In particular we consider a quadratic regressor of the form:

.. math::

    f(X) = \\text{constant} + \\sum_i \\theta_i X_i + \\sum_{i<j} \\theta_{ij} X_i X_j + \\text{observation noise}

**References:**

    1. Raj Agrawal, Jonathan H. Huggins, Brian Trippe, Tamara Broderick (2019),
       "The Kernel Interaction Trick: Fast Bayesian Discovery of Pairwise Interactions in High Dimensions",
       (https://arxiv.org/abs/1905.06501)
"""

import argparse
import itertools
import os
import time

import numpy as np

from jax import vmap
import jax.numpy as jnp
import jax.random as random
from jax.scipy.linalg import cho_factor, cho_solve, solve_triangular

import numpyro
import numpyro.distributions as dist
from numpyro.infer import MCMC, NUTS


def dot(X, Z):
    return jnp.dot(X, Z[..., None])[..., 0]


# The kernel that corresponds to our quadratic regressor.
def kernel(X, Z, eta1, eta2, c, jitter=1.0e-4):
    eta1sq = jnp.square(eta1)
    eta2sq = jnp.square(eta2)
    k1 = 0.5 * eta2sq * jnp.square(1.0 + dot(X, Z))
    k2 = -0.5 * eta2sq * dot(jnp.square(X), jnp.square(Z))
    k3 = (eta1sq - eta2sq) * dot(X, Z)
    k4 = jnp.square(c) - 0.5 * eta2sq
    if X.shape == Z.shape:
        k4 += jitter * jnp.eye(X.shape[0])
    return k1 + k2 + k3 + k4


# Most of the model code is concerned with constructing the sparsity inducing prior.
def model(X, Y, hypers):
    S, P, N = hypers["expected_sparsity"], X.shape[1], X.shape[0]

    sigma = numpyro.sample("sigma", dist.HalfNormal(hypers["alpha3"]))
    phi = sigma * (S / jnp.sqrt(N)) / (P - S)
    eta1 = numpyro.sample("eta1", dist.HalfCauchy(phi))

    msq = numpyro.sample("msq", dist.InverseGamma(hypers["alpha1"], hypers["beta1"]))
    xisq = numpyro.sample("xisq", dist.InverseGamma(hypers["alpha2"], hypers["beta2"]))

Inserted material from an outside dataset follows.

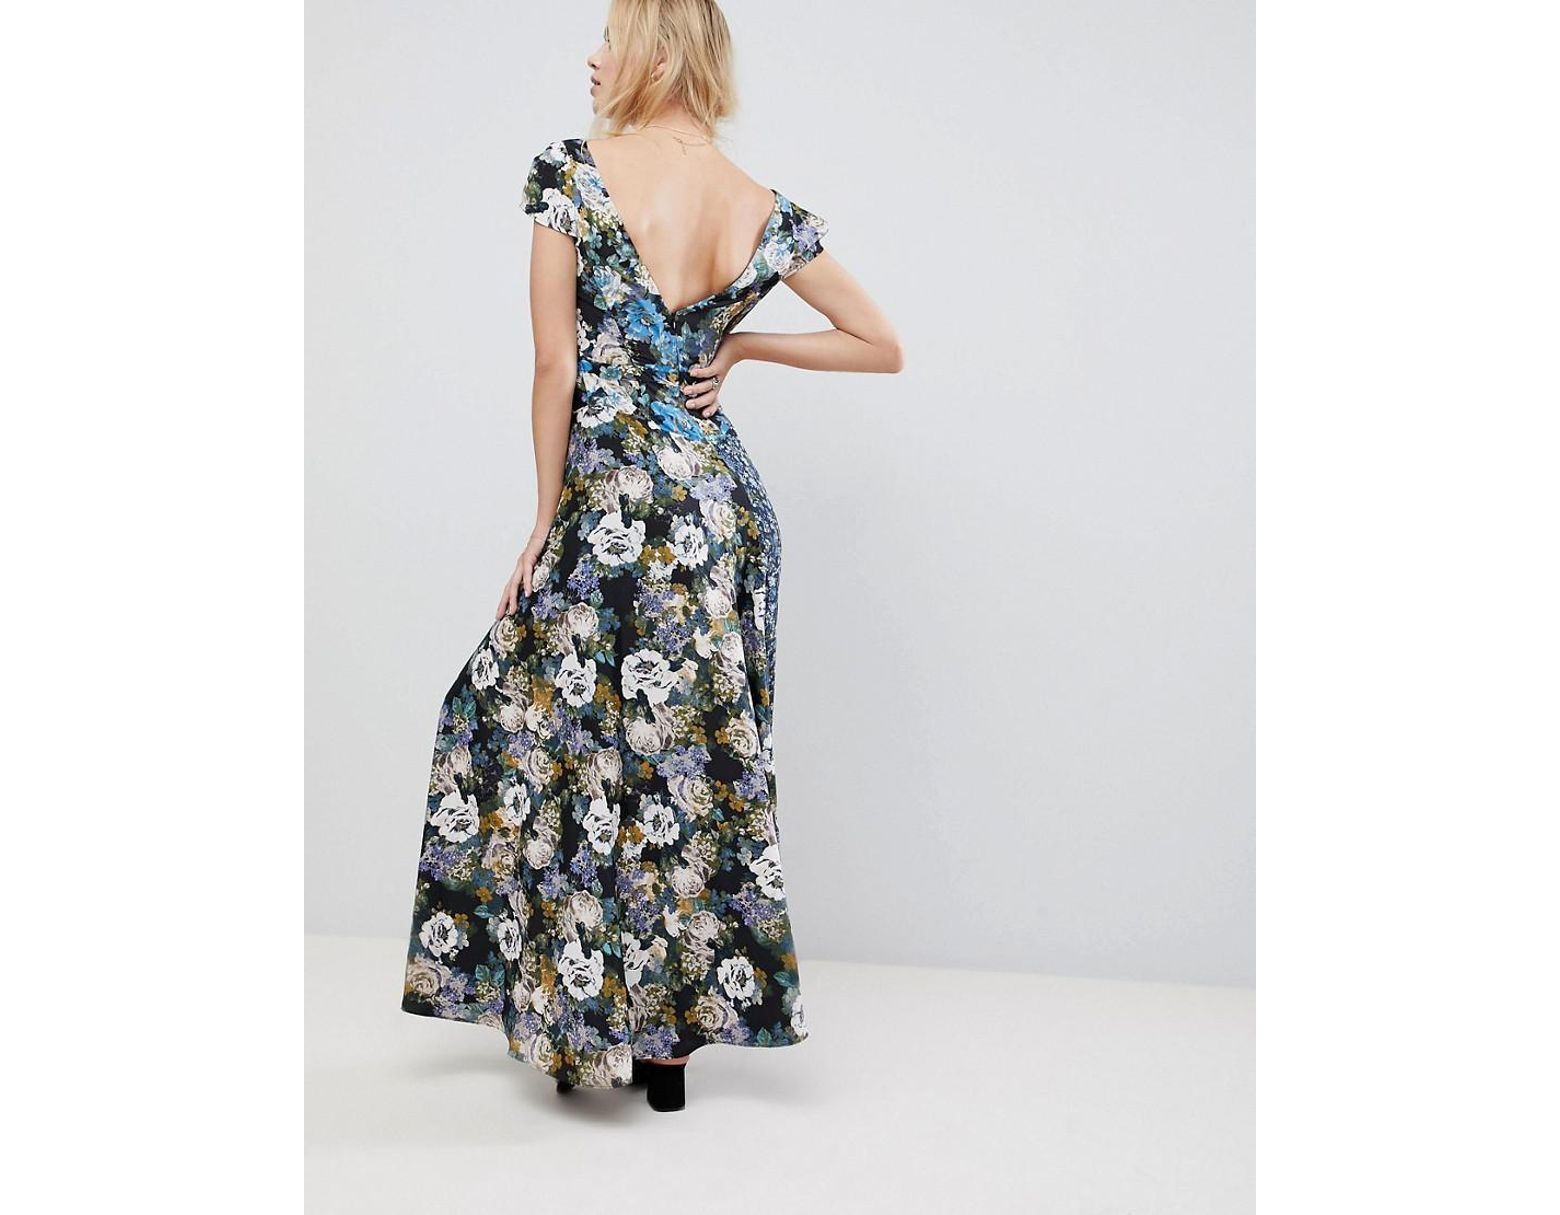 ae0f2655c4 Free People La Fleur Mixed Floral Print Maxi Dress in Blue - Save 66% - Lyst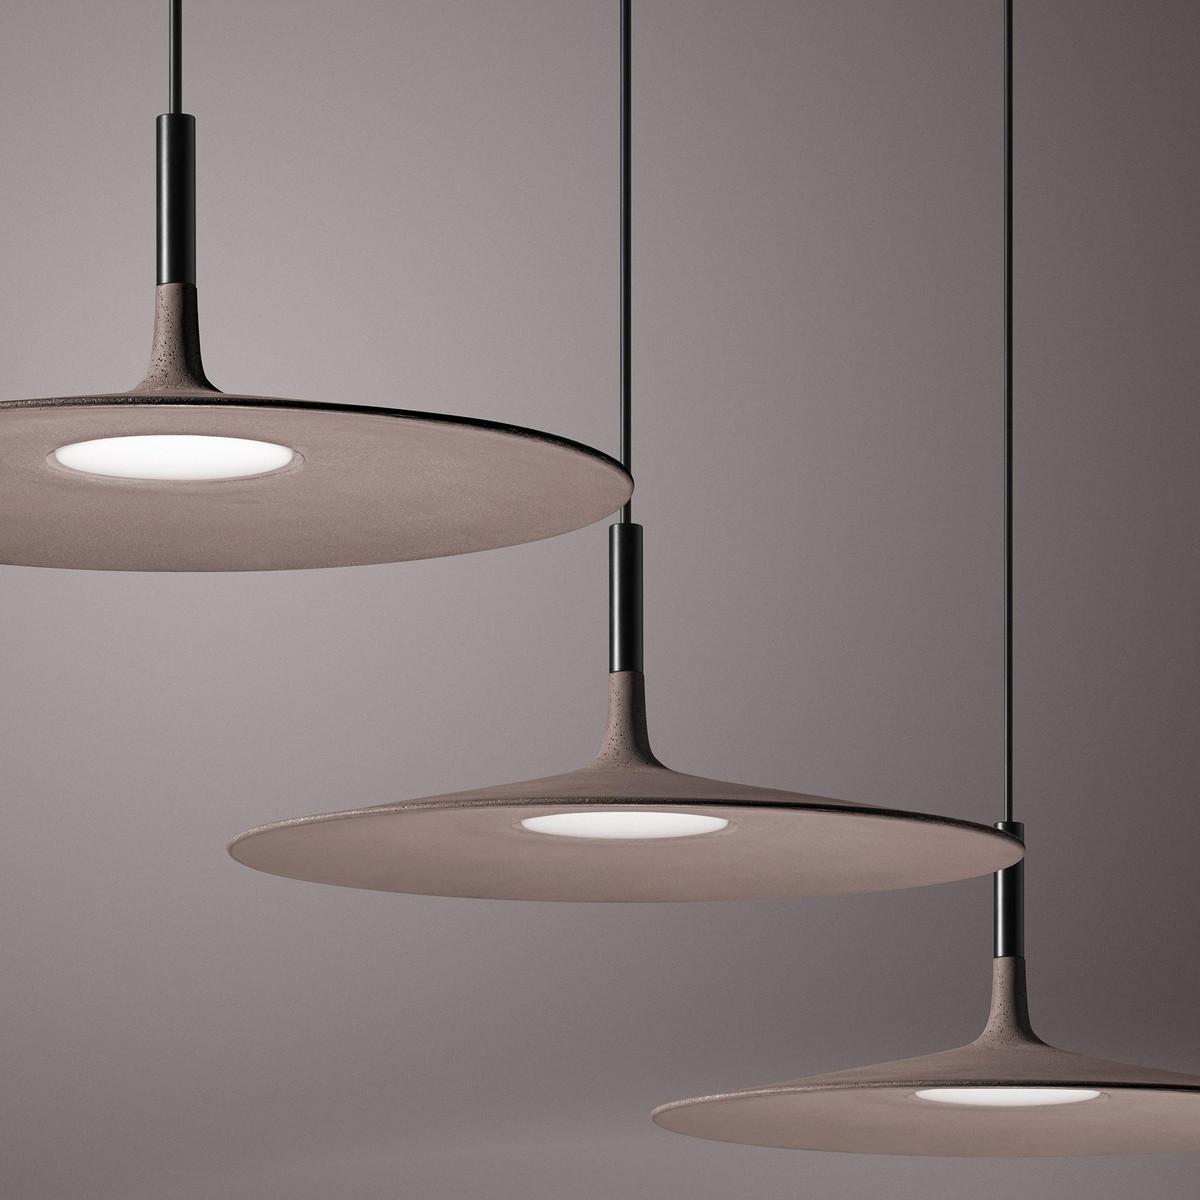 aplomb large led pendelleuchte foscarini. Black Bedroom Furniture Sets. Home Design Ideas

    eta2 = jnp.square(eta1) * jnp.sqrt(xisq) / msq

    lam = numpyro.sample("lambda", dist.HalfCauchy(jnp.ones(P)))
    kappa = jnp.sqrt(msq) * lam / jnp.sqrt(msq + jnp.square(eta1 * lam))

    # compute kernel
    kX = kappa * X
    k = kernel(kX, kX, eta1, eta2, hypers["c"]) + sigma**2 * jnp.eye(N)
    assert k.shape == (N, N)

    # sample Y according to the standard gaussian process formula
    numpyro.sample(
        "Y",
        dist.MultivariateNormal(loc=jnp.zeros(X.shape[0]), covariance_matrix=k),
        obs=Y,
    )


# Compute the mean and variance of coefficient theta_i (where i = dimension) for a
# MCMC sample of the kernel hyperparameters (eta1, xisq, ...).
# Compare to theorem 5.1 in reference [1].
def compute_singleton_mean_variance(X, Y, dimension, msq, lam, eta1, xisq, c, sigma):
    P, N = X.shape[1], X.shape[0]

    probe = jnp.zeros((2, P))
    probe = probe.at[:, dimension].set(jnp.array([1.0, -1.0]))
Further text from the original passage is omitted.